Members
Medical necessity and prior authorization timeframes and member responsibilities
Services requiring prior authorization
Prior authorizations are submitted by the provider and serve as a process through which Health Advantage determines the medical necessity of a covered healthcare service before the member receives the service. Most policies no longer require prior authorization for medical services but will require prior authorization for certain prescription drugs. However, group plans offered by your employer that are administered by Health Advantage may still require prior authorization for both medical services and certain prescription drugs. When prior authorization is required, prior authorization must be requested and approved before the member receives services. If not requested, the claim will be denied. Please note that if a request for prior authorization is approved for medical necessity, the service still must meet all other coverage terms, conditions, and limitations of the member's policy (See section below for the Denial of Services with Prior Authorization).

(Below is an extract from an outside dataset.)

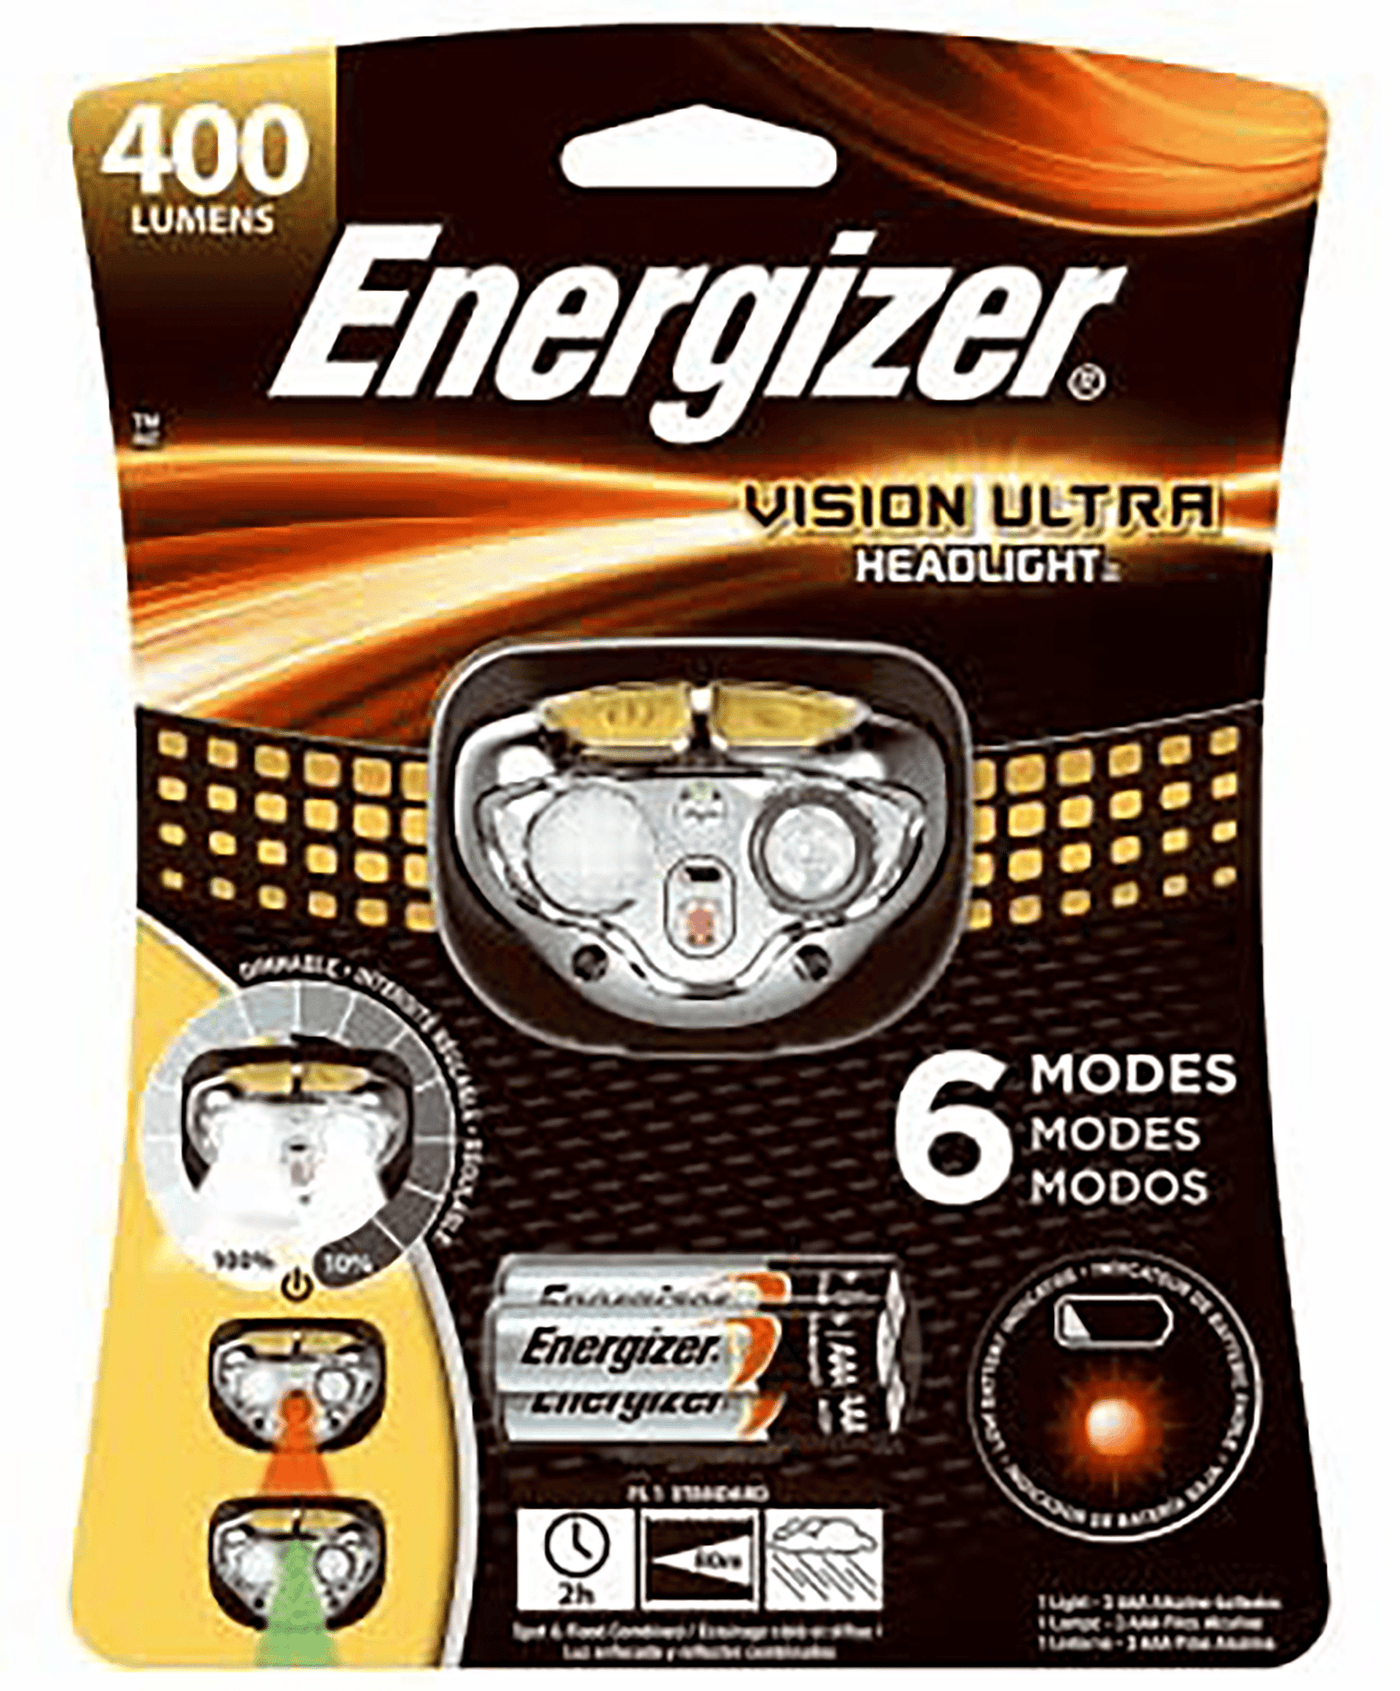 Energizer Energizer Vision Ultra Hd - Headlamp 450 Lumens W/aaa Batt Lights And Accessories

Group plans administered by Health Advantage require prior authorization for the following:
- hospital services with anesthesia for complex dental conditions
- advanced diagnostic imaging
- in vitro fertilization and infertility
- applied 54 behavioral analysis
- durable medical equipment for which costs exceed $5000
- surgically implantable osseointegrated hearing aids
- prosthetic devices for which costs exceed $20,000
- corrective surgery for craniofacial anomalies
- reduction mammoplasty
- certain prescription medications
- most organ transplants
- admission to neurologic rehabilitation facilities
- some pediatric vision services
- enteral feedings
- gastric pacemakers
- gender reassignment
- bariatric surgery
- hospice
- home health
This list is not exhaustive.
Denial of services with prior authorization
Health Advantage will approve a prior authorization request for coverage if medical necessity is supported. However, a request for prior authorization, if approved for medical necessity, does not guarantee payment. A claim receiving prior authorization approval still must meet all other coverage terms, conditions, and limitations of the policy covering the member's benefits. Coverage for any such claim receiving prior authorization may be limited or denied if investigation shows that:
- a benefit exclusion or limitation applies
- the covered person ceased to be eligible for benefits on or before the date services were provided
- coverage lapsed for non-payment of premium
- out-of-network limitations apply
- any other basis specified in the policy applies to limit or exclude the claim.
If no additional information is requested, you will be notified of the determination in no later than two (2) business days from the date the service claim was received. Additional information regarding medical necessity and prior authorization can be found in the member's benefit certificate.